MARTIN. — L’idée était excellente.

DURESNEL. — Et ses résultats furent non moins excellents. La porte embrasée céda, et un quart d’heure après, la caserne de Babylone était en notre pouvoir. Nous sommes allés ensuite à l’attaque du marché des Innocents, où j’ai reçu un coup de baïonnette, ce qui m’a empêché d’assister à l’attaque du Louvre et des Tuileries, car durant les premières heures ma blessure m’a fait cruellement souffrir. Mais vous étiez, je crois, mon cher Martin, à la prise du Louvre ?

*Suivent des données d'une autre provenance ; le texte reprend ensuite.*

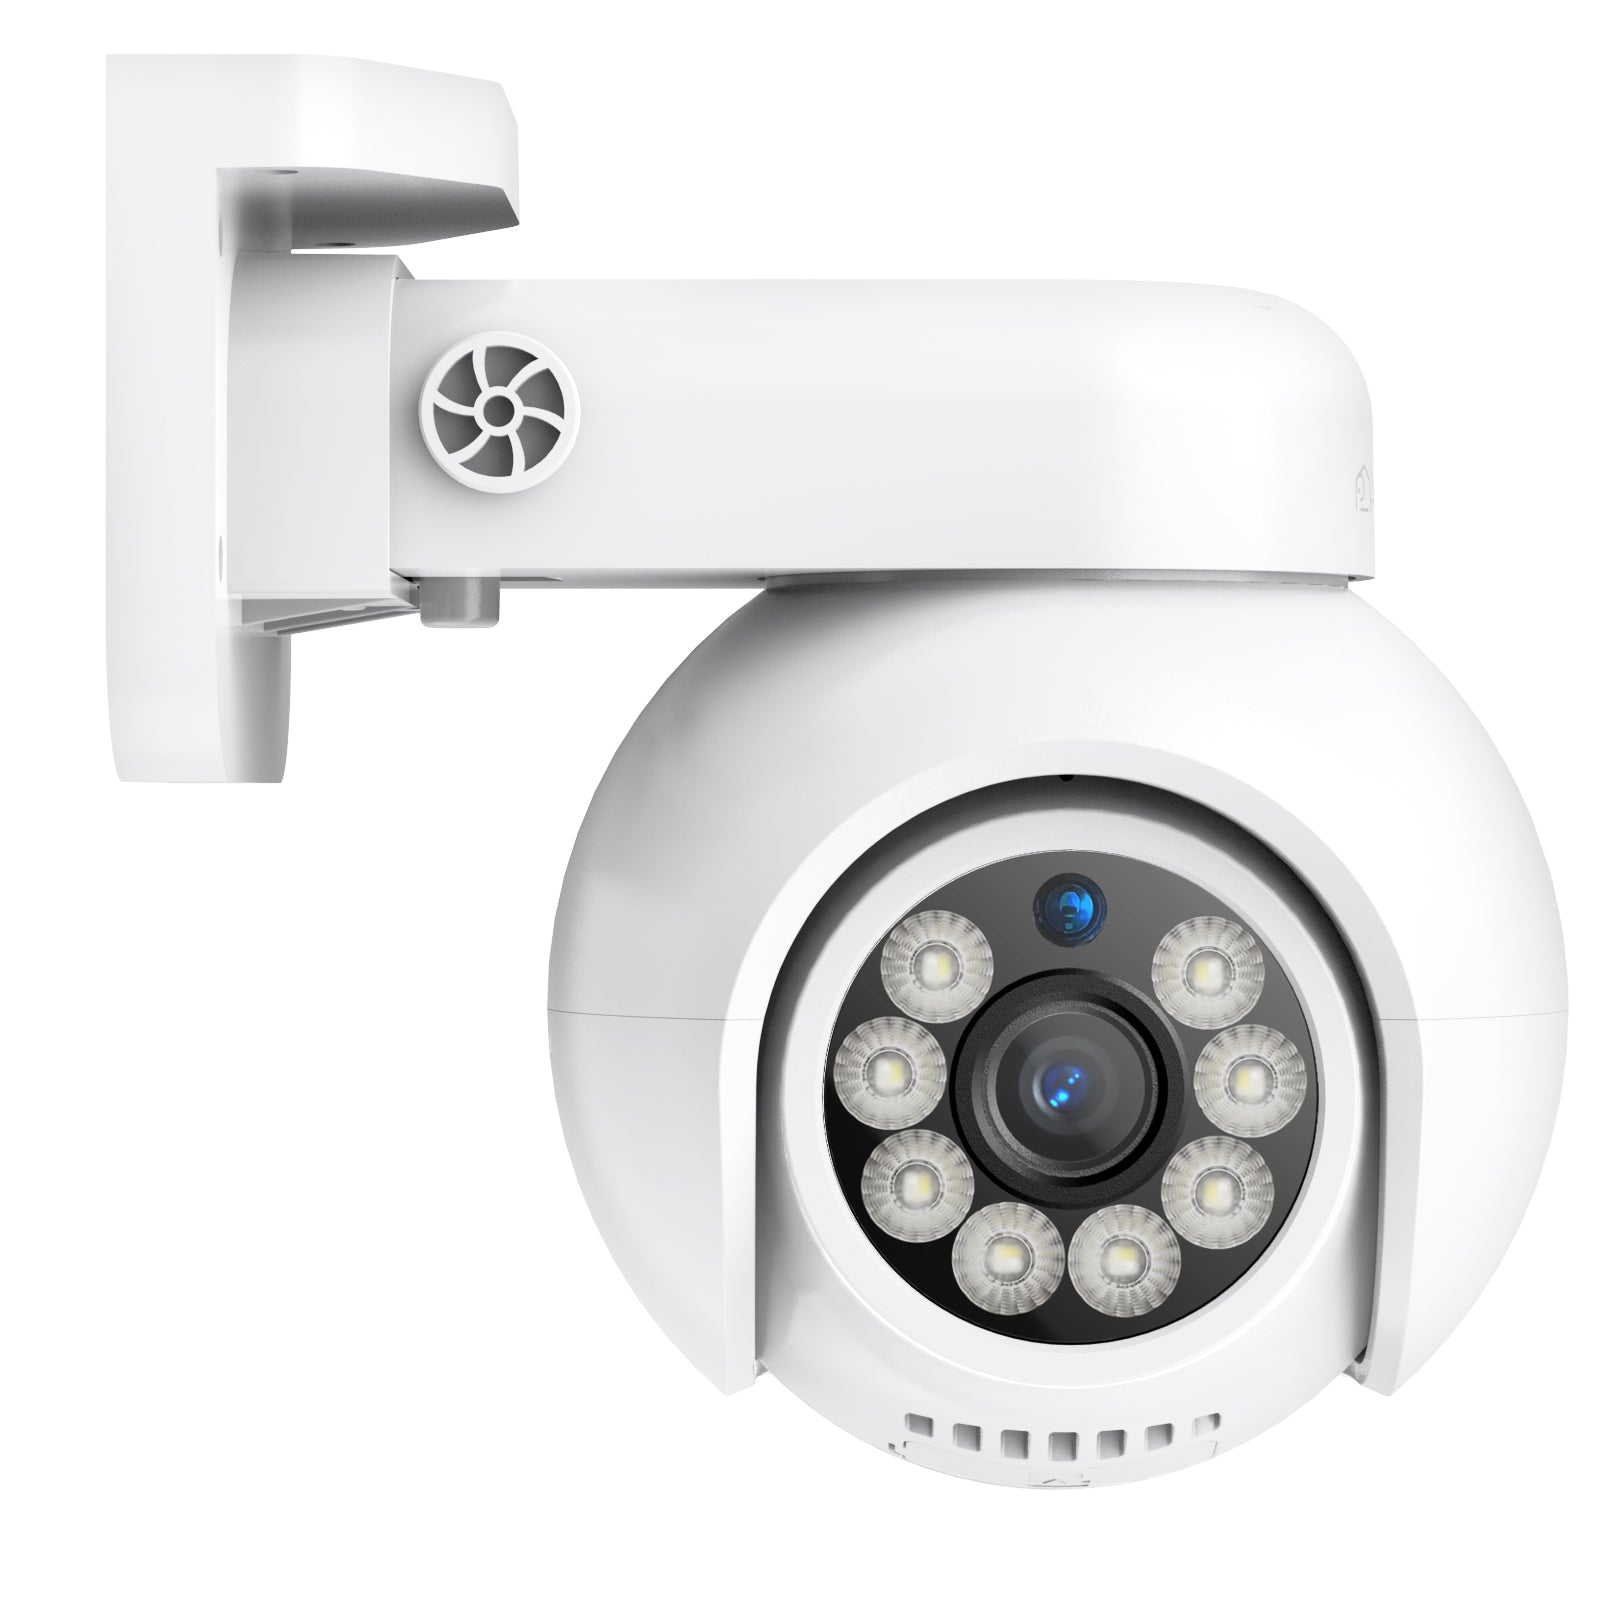 Mini Caméra de Surveillance WIFI 4K, Vision Nocturne & Détection

MARTIN. — Oui, et cette dernière affaire a complété le triomphe de l’insurrection. (À Marik) Je vais en deux mots vous raconter l’attaque du Louvre et des Tuileries, mon ami, et de la sorte, vous connaîtrez les faits les plus importants de ces trois grandes journées. Lorsque je suis arrivé près du Louvre, déjà des masses d’insurgés débouchaient de toutes les ruelles qui avoisinent l’église de Saint-Germain l’Auxerrois, et se préparaient à l’attaque. Les Suisses, postés sous la colonnade, ouvrent un feu plongeant et meurtrier ; nous y répondons vigoureusement ; mais nous éprouvions déjà des pertes considérables, lorsque, soudain, nous voyons, au milieu de cet engagement, qui durait à peine depuis dix minutes, les Suisses abandonner précipitamment l’avantageuse position qu’ils occupaient.

MARIK. — Quoi ! sitôt battre en retraite ! Les Suisses sont pourtant de vaillants soldats.

MARTIN. — Sans doute, mais voici ce qui s’est passé : le maréchal Marmont, apprenant qu’un régiment posté place Vendôme fraternisait avec le peuple, et craignant la contagion de l’exemple, avait donné l’ordre au colonel de Salis, commandant les Suisses, de lui envoyer à l’instant un bataillon, afin de remplacer le régiment défectionnaire.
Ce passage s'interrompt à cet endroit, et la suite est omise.